Dataset content |

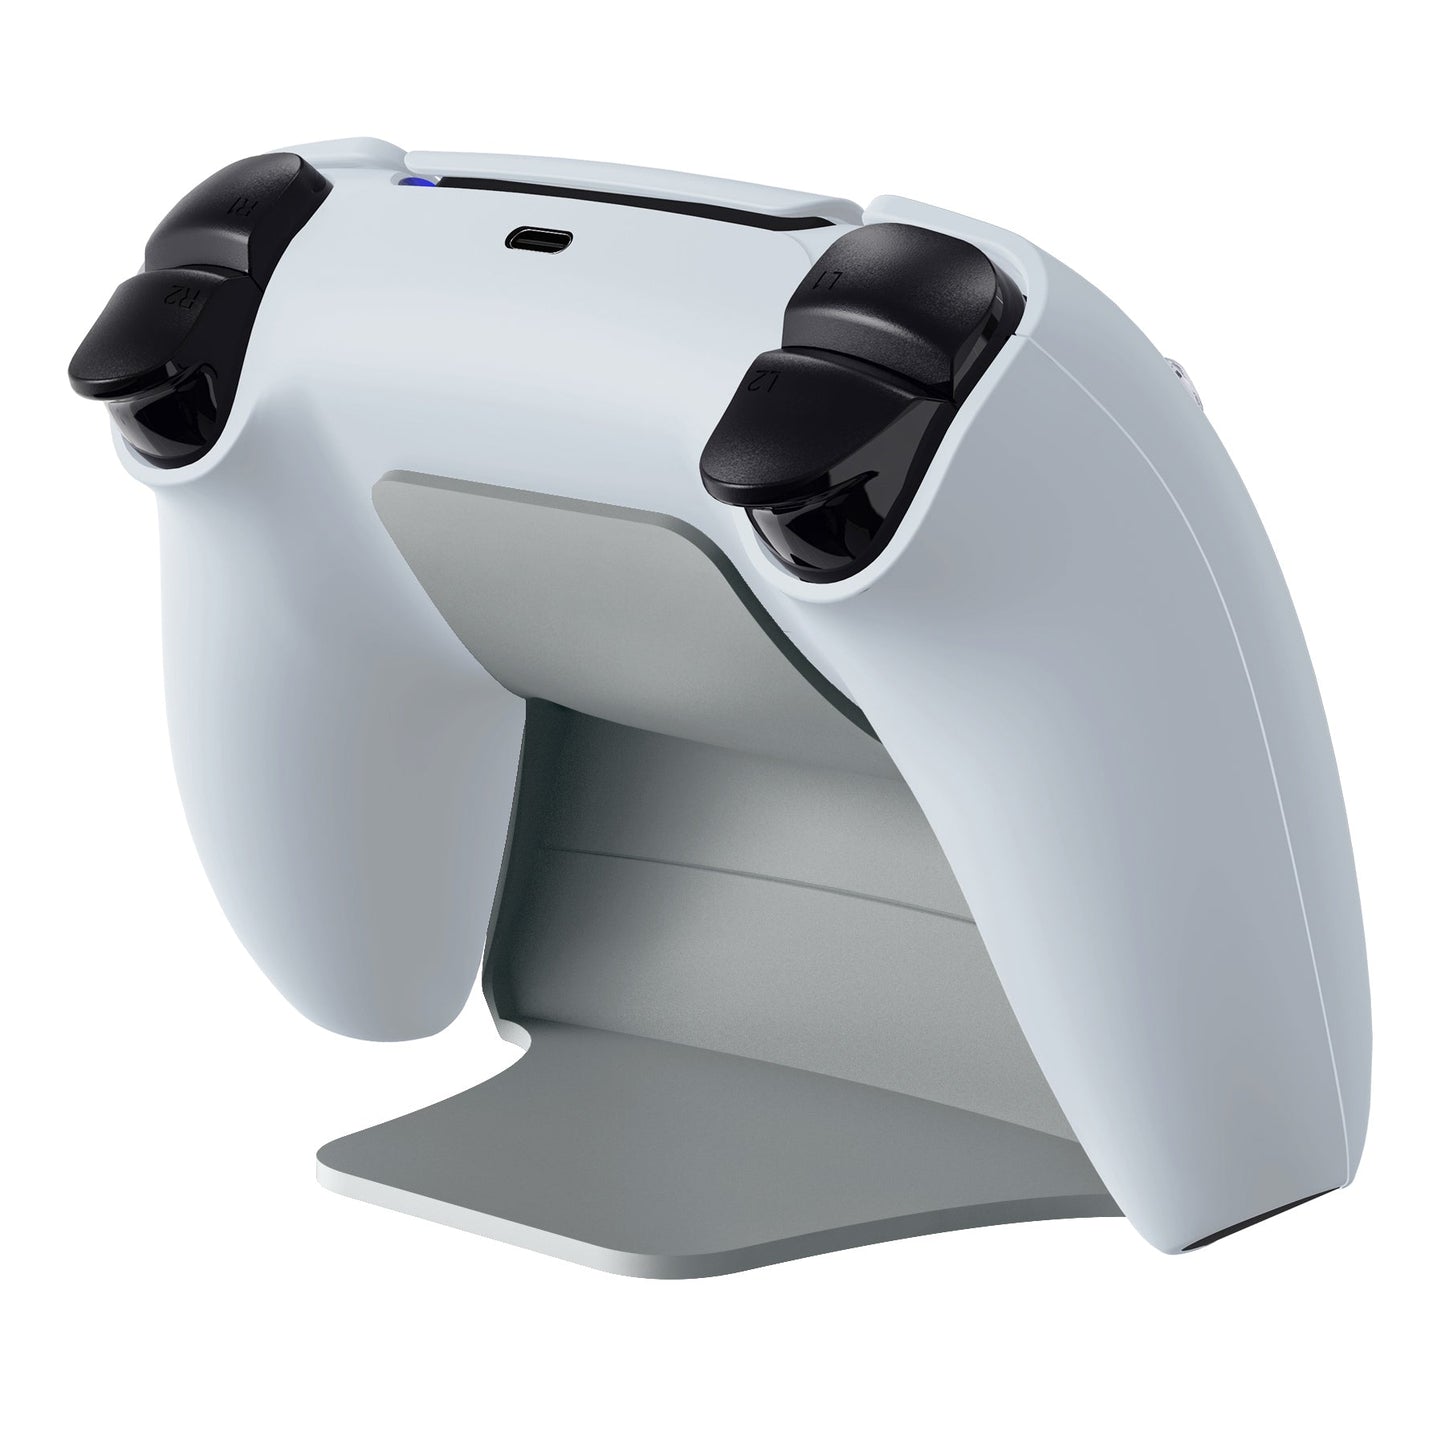 PlayVital Gray Controller Display Stand for PS5, Gamepad Accessories Desk Holder for PS5 Controller with Rubber Pads - PFPJ015 PlayVital
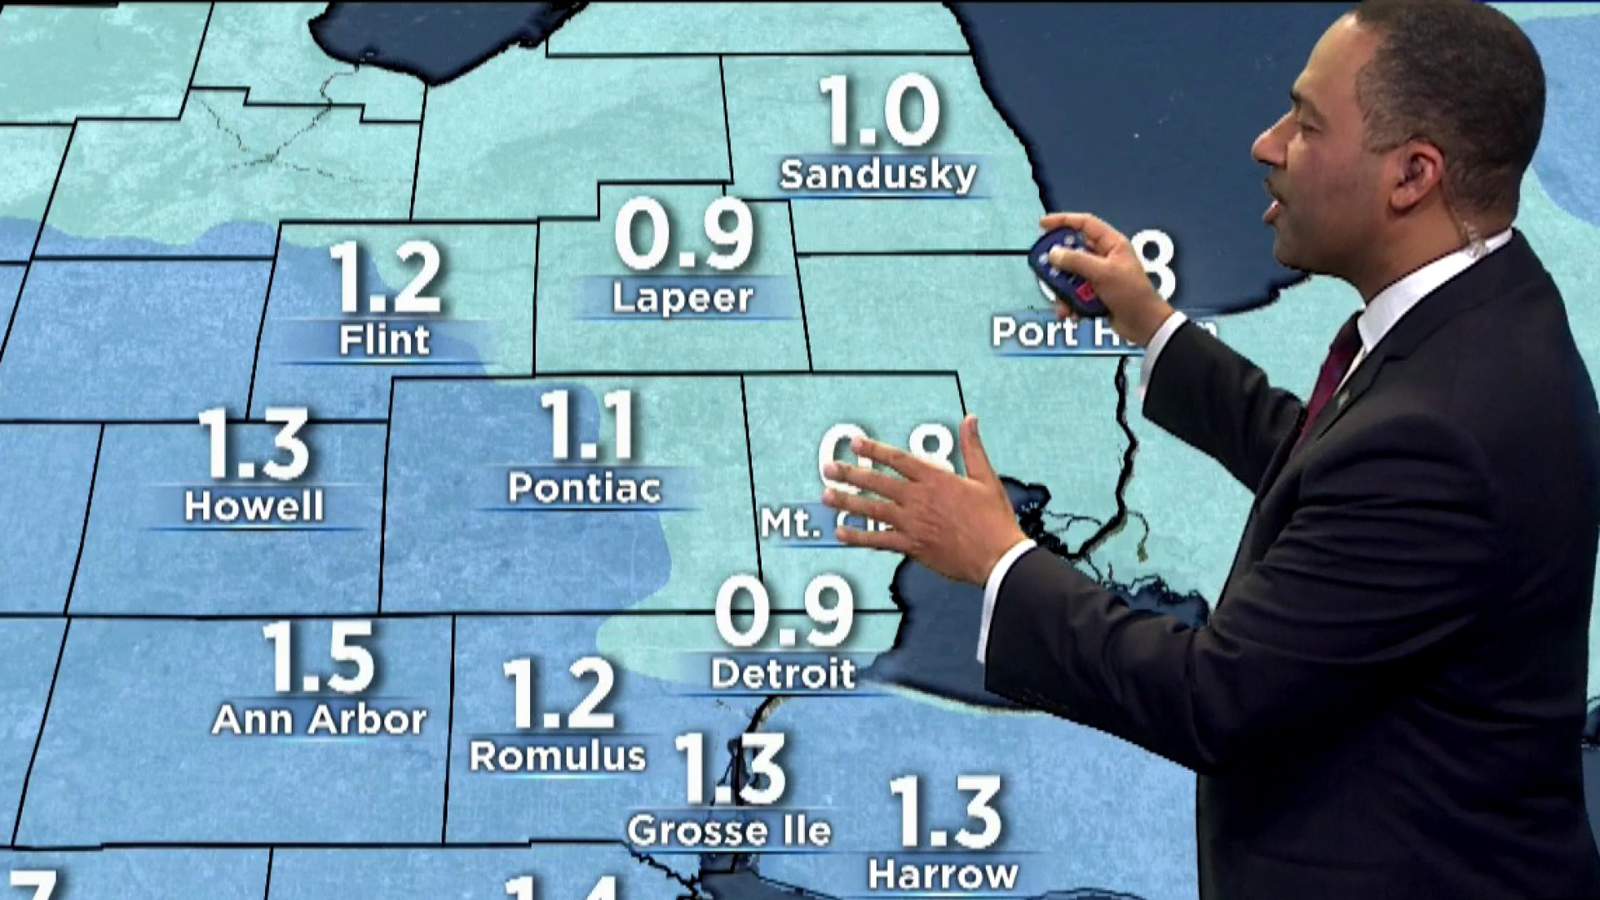 Metro Detroit weather: Chilly Sunday afternoon, snow and rain arrive tonight, March 22, 2020, 8 p.m. update
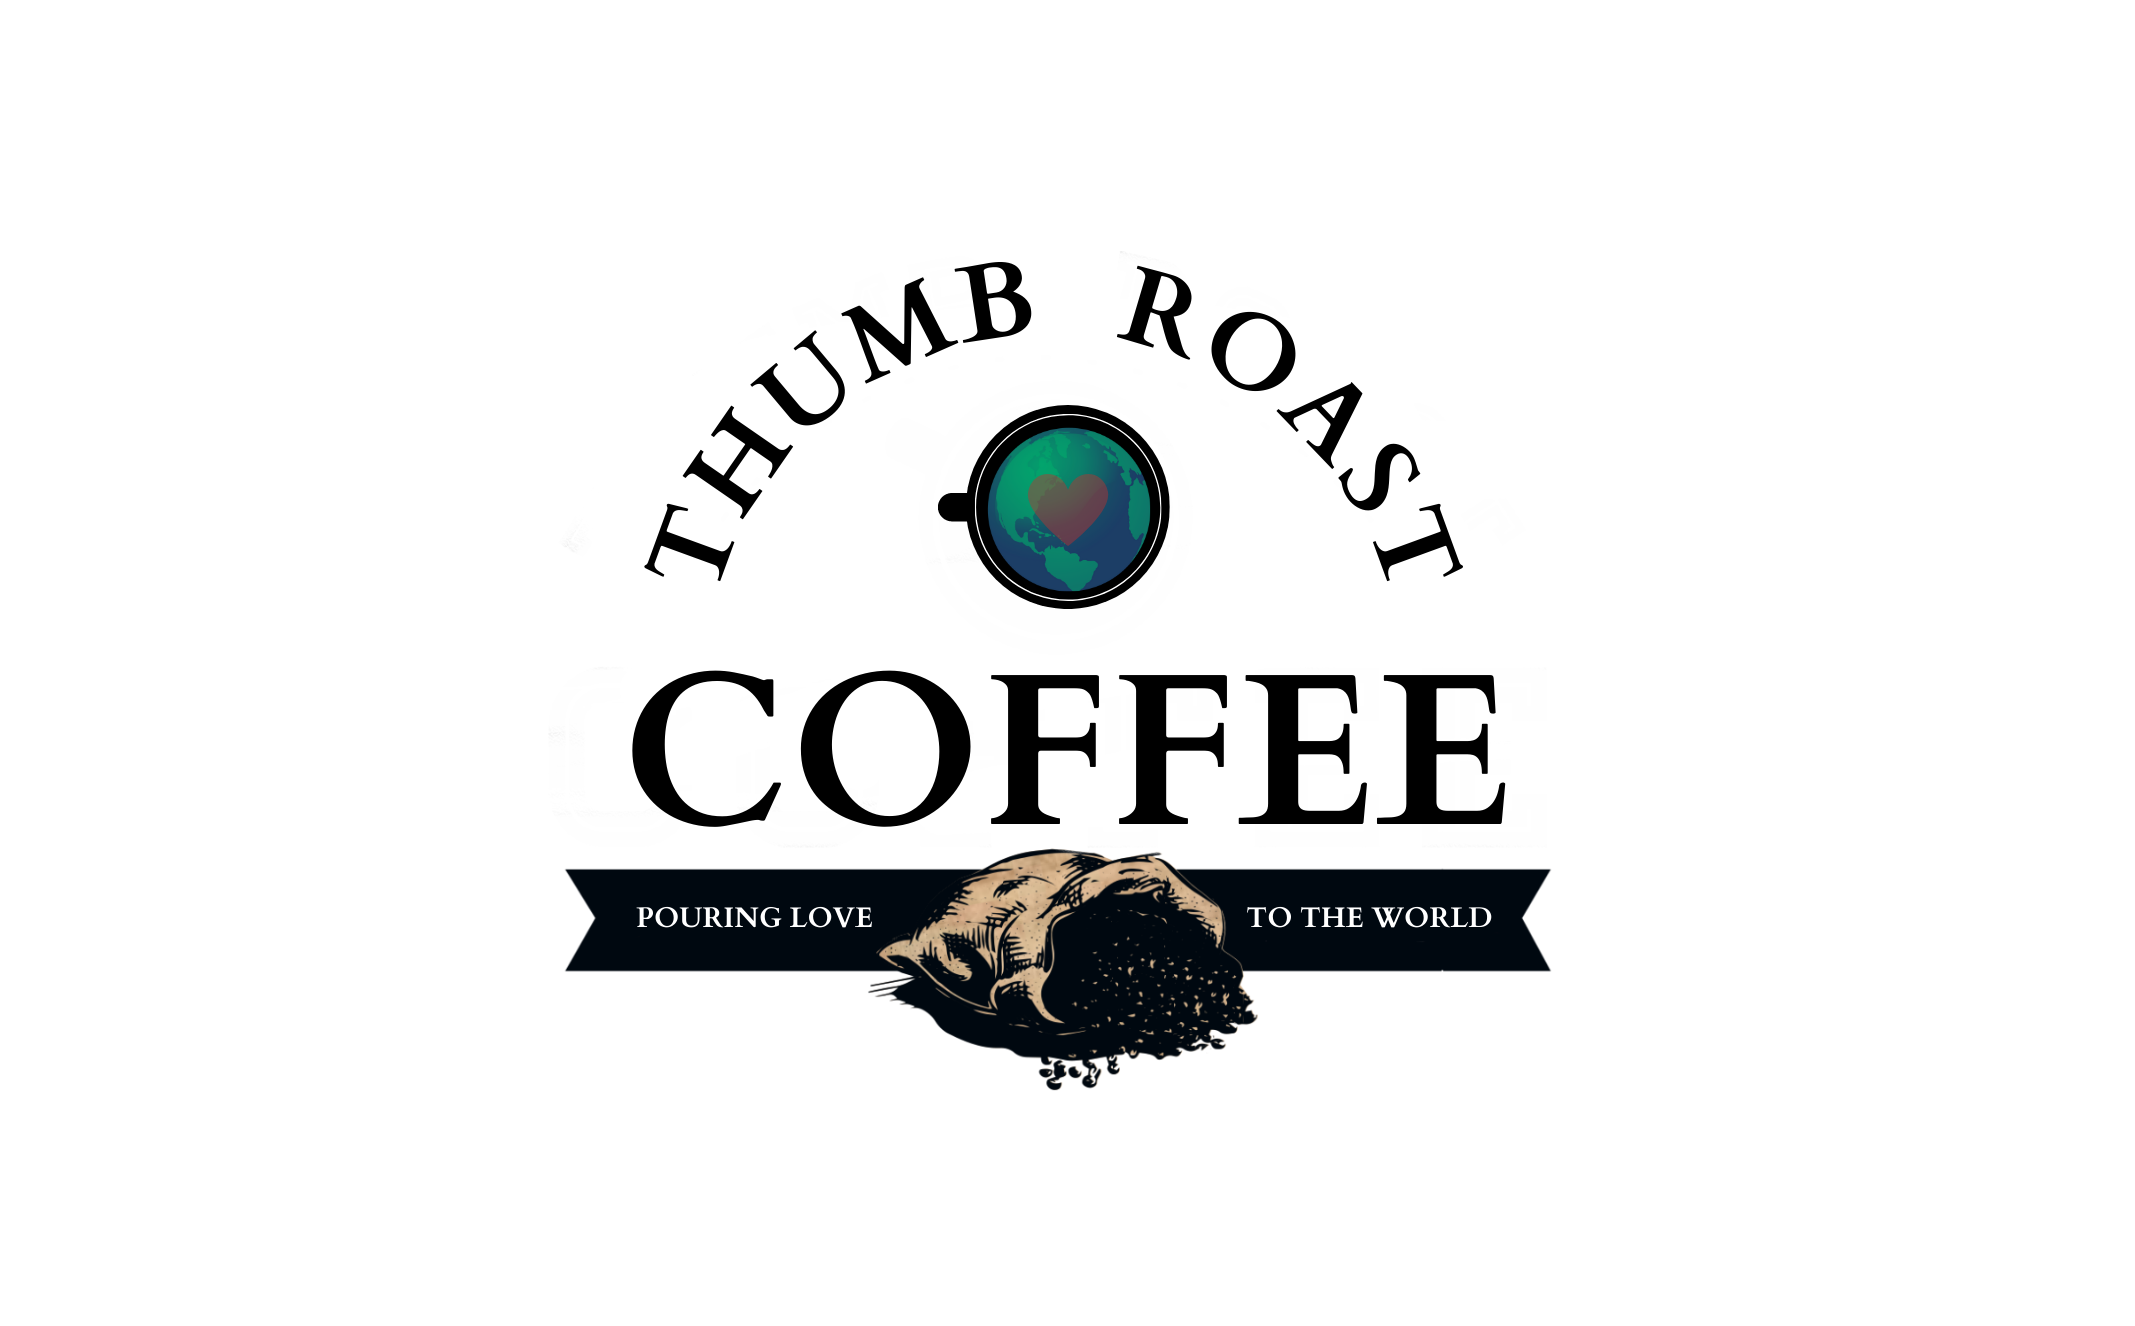 Artisan, Clean, and Locally Roasted - Thumb Roast Coffee
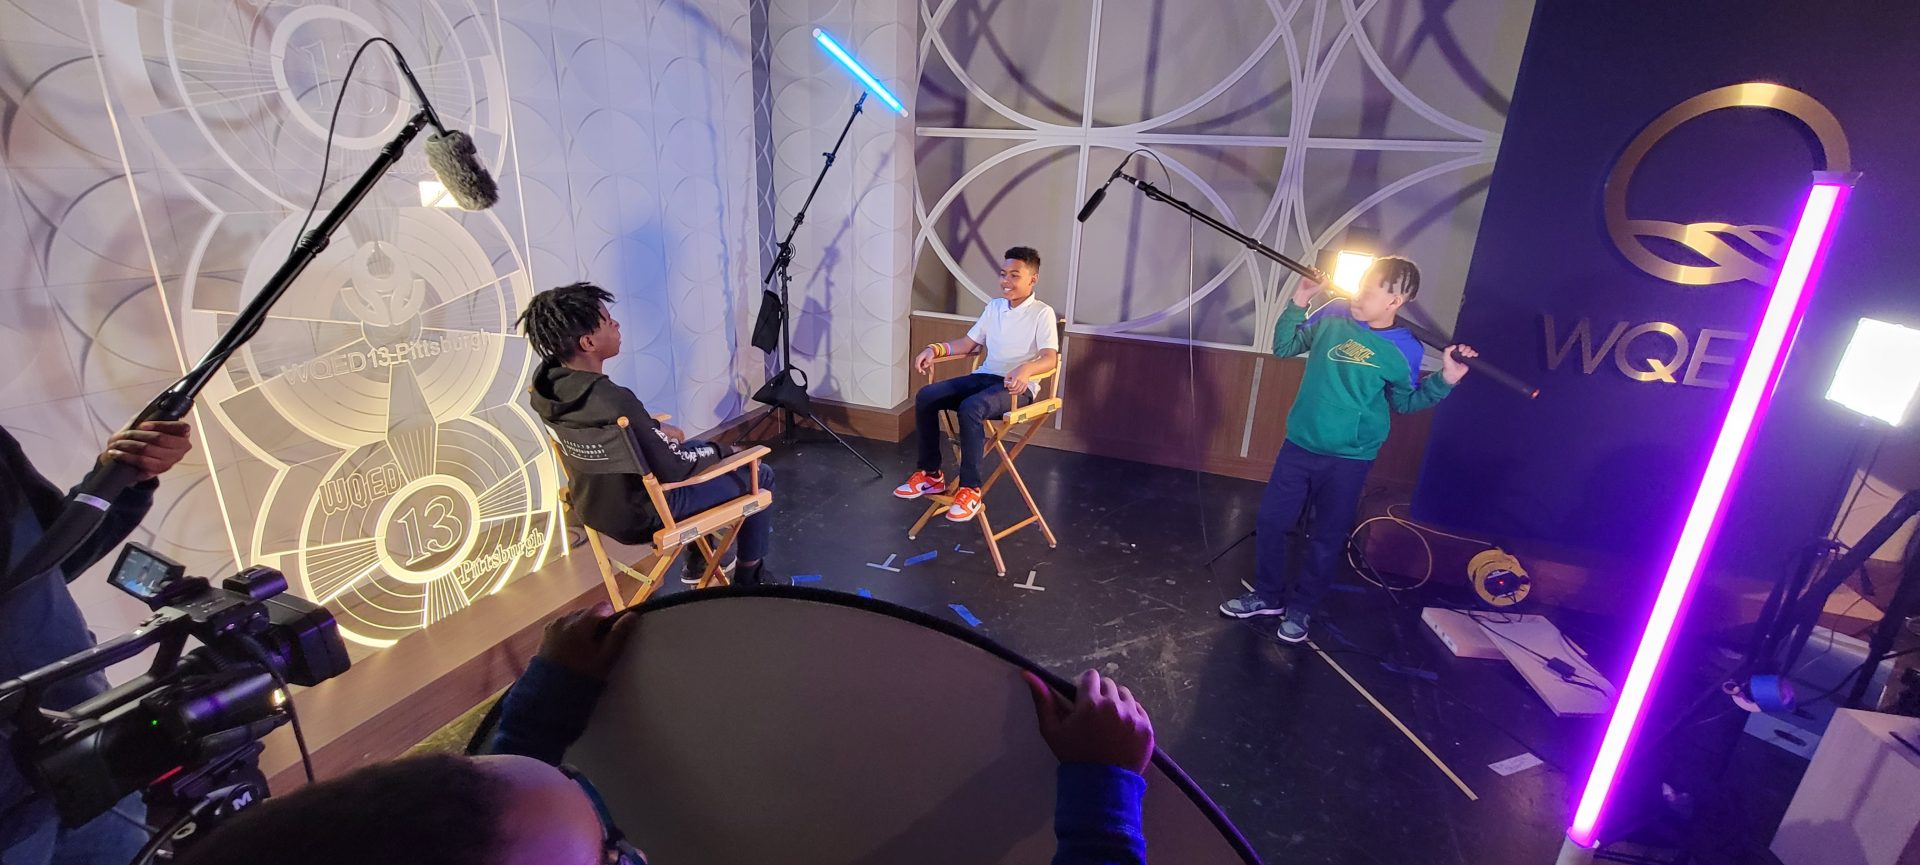 Students in the studio filming

What you will do |
Repeat the full listing above without altering a word, and skip the pictures.

Exercise result |
 PlayVital Gray Controller Display Stand for PS5, Gamepad Accessories Desk Holder for PS5 Controller with Rubber Pads - PFPJ015 PlayVital
 Metro Detroit weather: Chilly Sunday afternoon, snow and rain arrive tonight, March 22, 2020, 8 p.m. update
 Artisan, Clean, and Locally Roasted - Thumb Roast Coffee
 Students in the studio filming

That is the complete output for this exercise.